9.4 - Multiple Testing with Count Data

Printer-friendly versionPrinter-friendly version

Multiple Testing

Another problem with RNA-seq data has to do with multiple testing. Multiple testing adjustments all assume that if the null hypothesis is true then the p-values will be uniform. If you recall, we discussed this earlier.

This does not happen when you have count data unless you have a many, many samples or very high counts. Then things seem to average out based on the central limit theorem and look more continuous.

Here are the p-values from all of the genes from a study of gene expression in liver and kidney, using Fisher's exact test to compare two samples.  The weird peaks are due to the low expressing genes that have only a few possible p-values.  The peak at p=1.0 is due to the fact that no matter how many total reads there are for a feature, there is a finite probability of obtaining p=1.0 so that the p-values begin to pile up at this point - especially if there are many tests with very few reads and not much differential expression.

non-uniformity

As discussed in the section on preprocessing, we should filter out (remove) genes with fewer than 10 reads in total.  Below are the p-values after we have filtered out genes that have fewer than 10 reads per feature. We still have a peak at p=1.0 (and this is really at p=1.0, not the bin from 0.95 to 1.0) for the comparison of liver samples, in which there is no differential expression. There is also a small peak at p=1.0 for the comparison of liver and kidney samples, but it is obscured because there is a lot of differential expression.  Note that with continuous data such as microarray intensity data, there should never be a peak near p=1.0, and p-values should also never be 1.0 (although it could occur due to round-off error).

plot of p-values

 

simulated plot of p-values with continuous data

Here are some simulated data to show this again. The first plot is simulated data which mimics what you might obtain in a microarray study.The data are continuous and were analysed using a two-sample t-test.  The blue p-values came from features that were simulated to have no difference in the means, i.e. they were all null. The red were simulated to have a difference in means.

The blue p-values are not completely flat, although statistical theory states that they should be.  This is stochastic variability - the slight ups and downs will be in different places in different samples, and will flatten out if there are lots of features. Most of the red p-values are skewed towards p = 0 where they should be, as this was a test with high power. There is a thin layer of spread crossed the remaining bins, because even with high power there is some probability of a large p-value. 

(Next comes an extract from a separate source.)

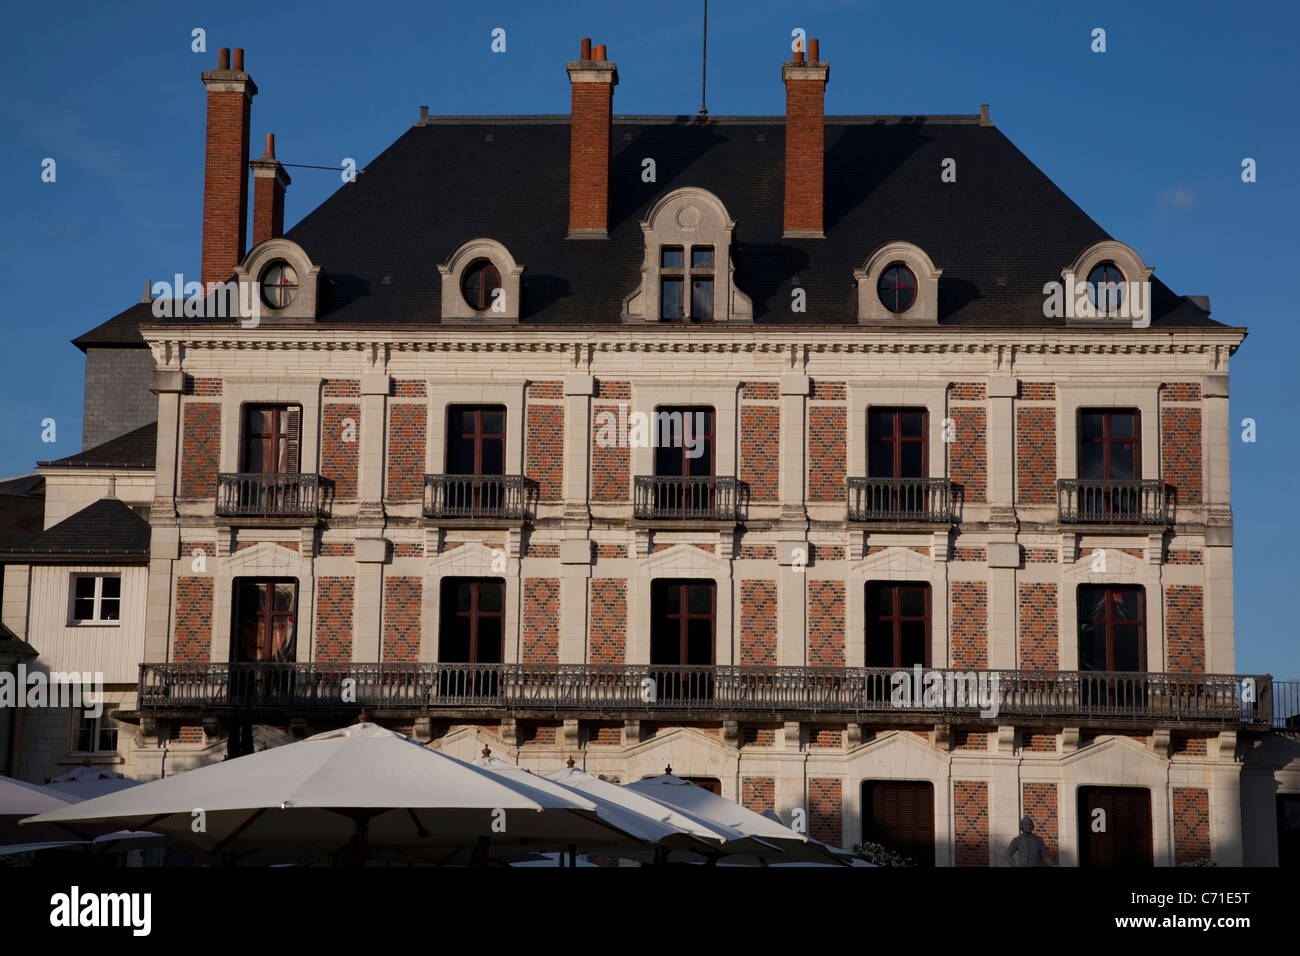 Main-Fassade des Maison De La Magie - House of Magic, Place du Chateau Square, Blois, Frankreich Stockfoto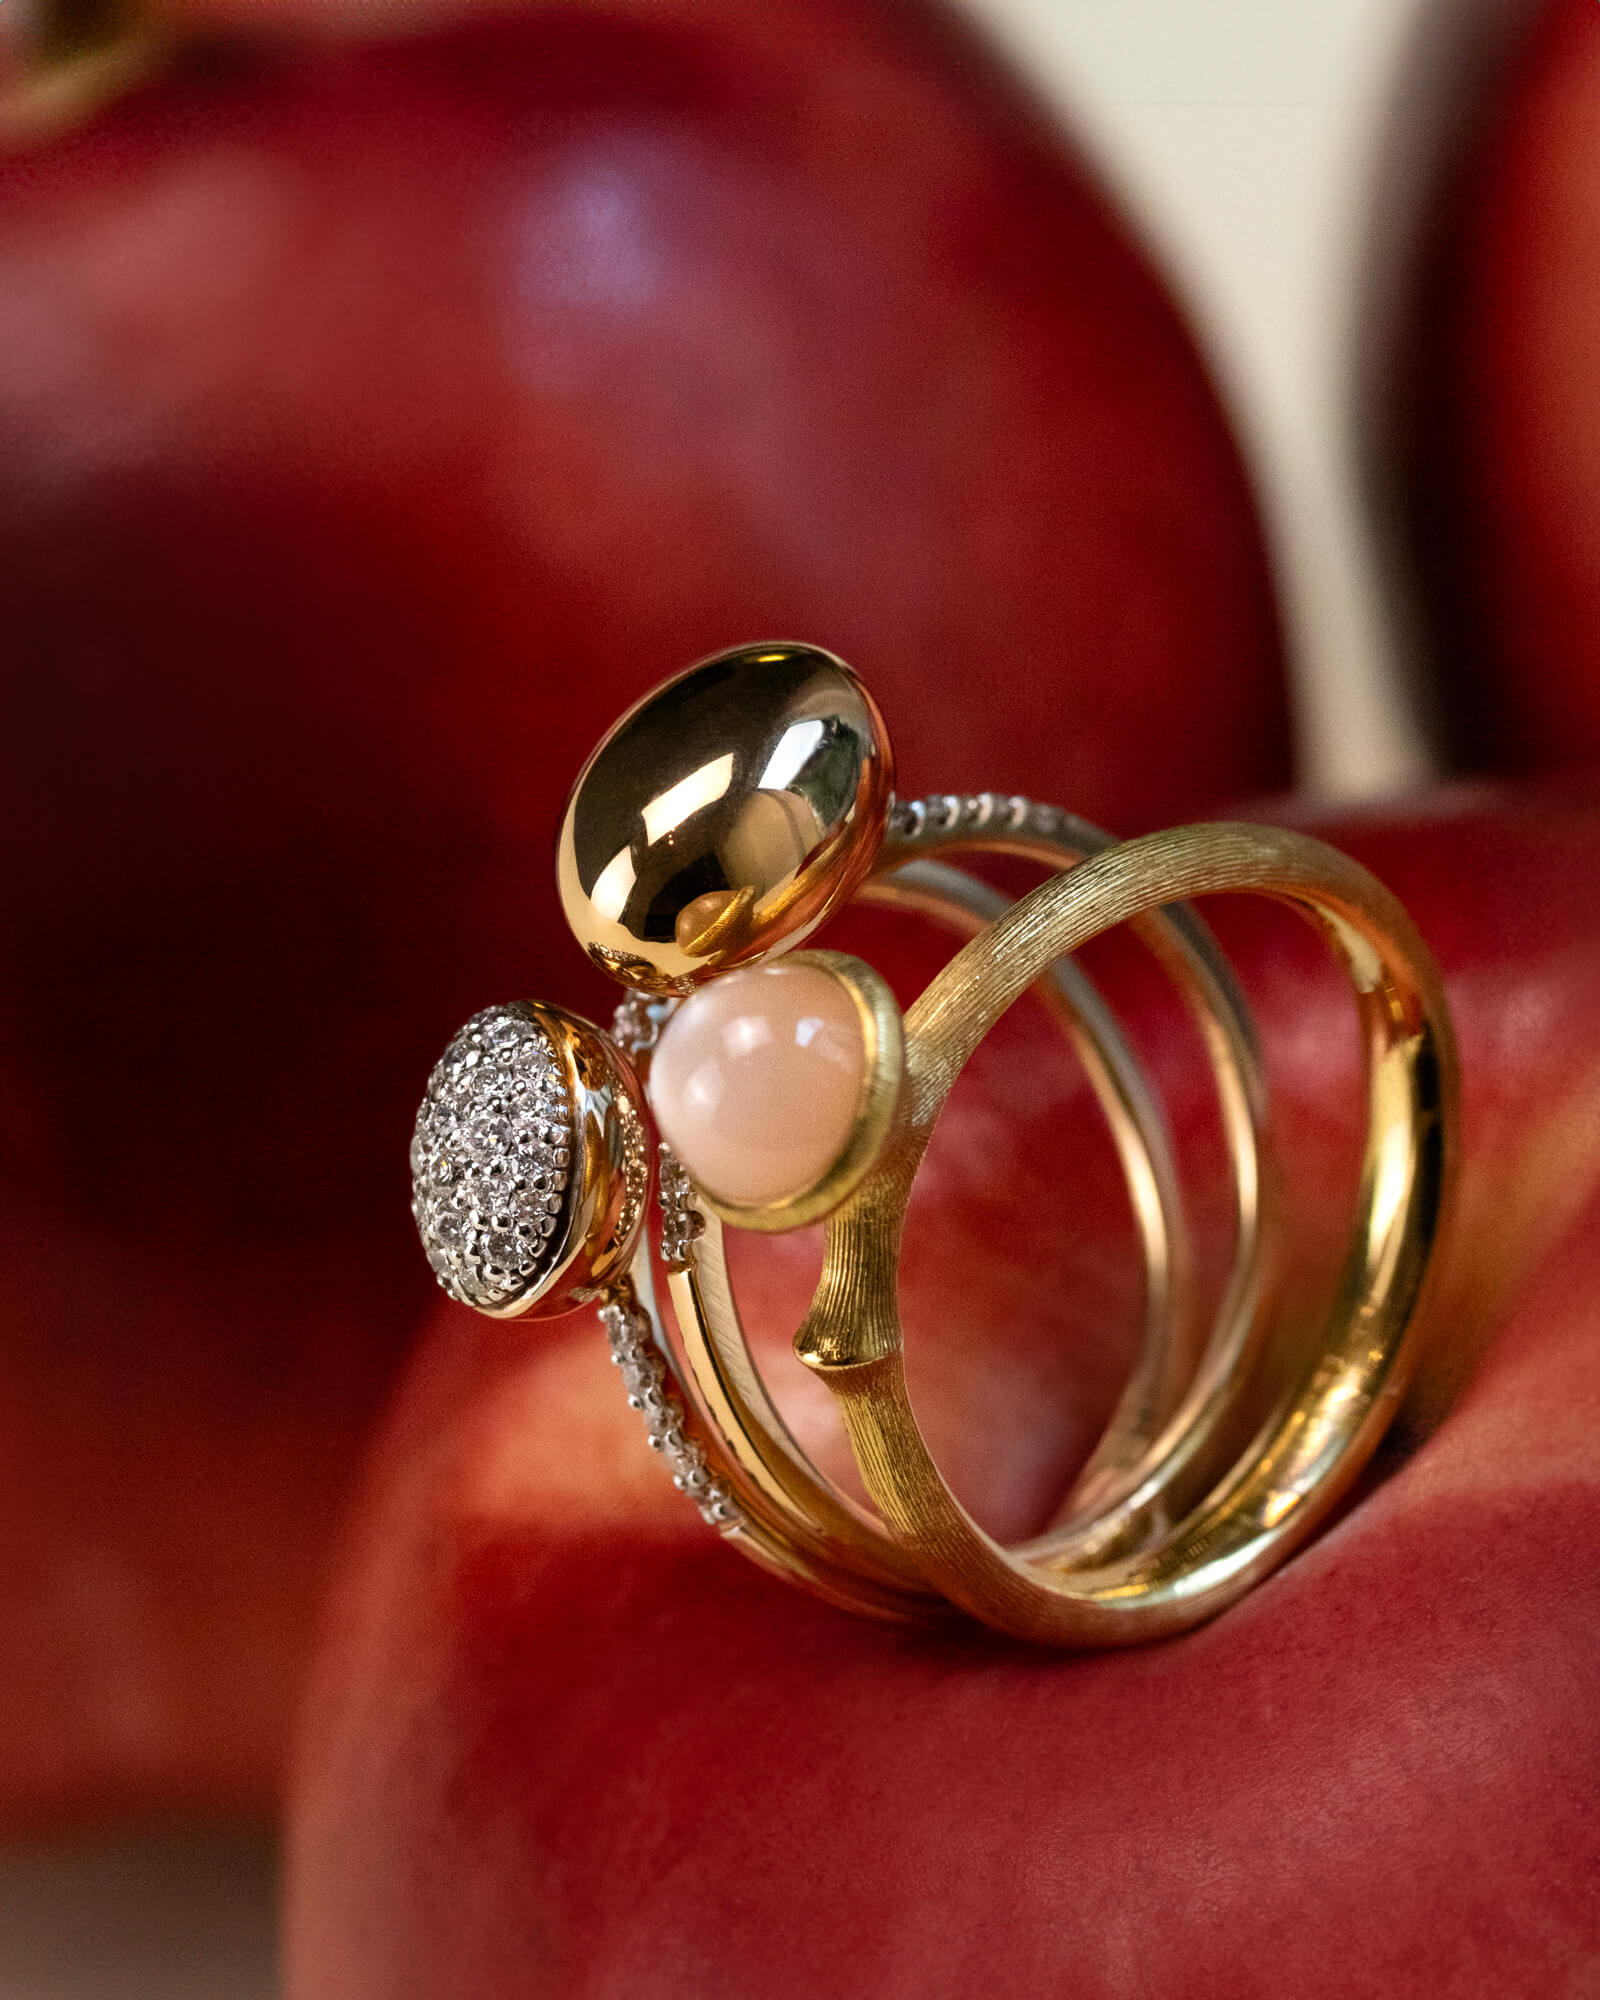 Peach Fuzz: Juwelier Badort Schmuckauswahl im Farbton PANTONE 13-1023

simulated plot of p-values with count data

 

 

 

 

This is a similar plot for simulated RNA-seq data. The blue p-values from the features with no difference in means doesn't look the least bit uniform. Most of the peak at p=1.0 resulted from features that had two or three reads, the others came from features that have slightly more. The dip near p=1.0 is due to the fact that when there are very few total reads, there are no p-values between .9 and 1.0.  As in the microarray data, the features that were simulated to have differential expression mostly have very small p-values.  However, even when the null hypothesis is false, a fair number of the tests give p=1.0.  These mostly come from features with very few reads.

 

 

 

 

 

 

 

The bottom line is that multiple testing has problems if you don't throw out the the features with low counts. One reason is that there is not enough information to reject and the other is this weird shape to the histogram  of p-values.  Although there are a few papers suggesting different ways to fix the p-value histograms to use with multiple testing adjustments, work with my students strongly suggests that after filtering out the features with very few counts, the standard methods such as BH and Storey's method work fine for FDR adjustment.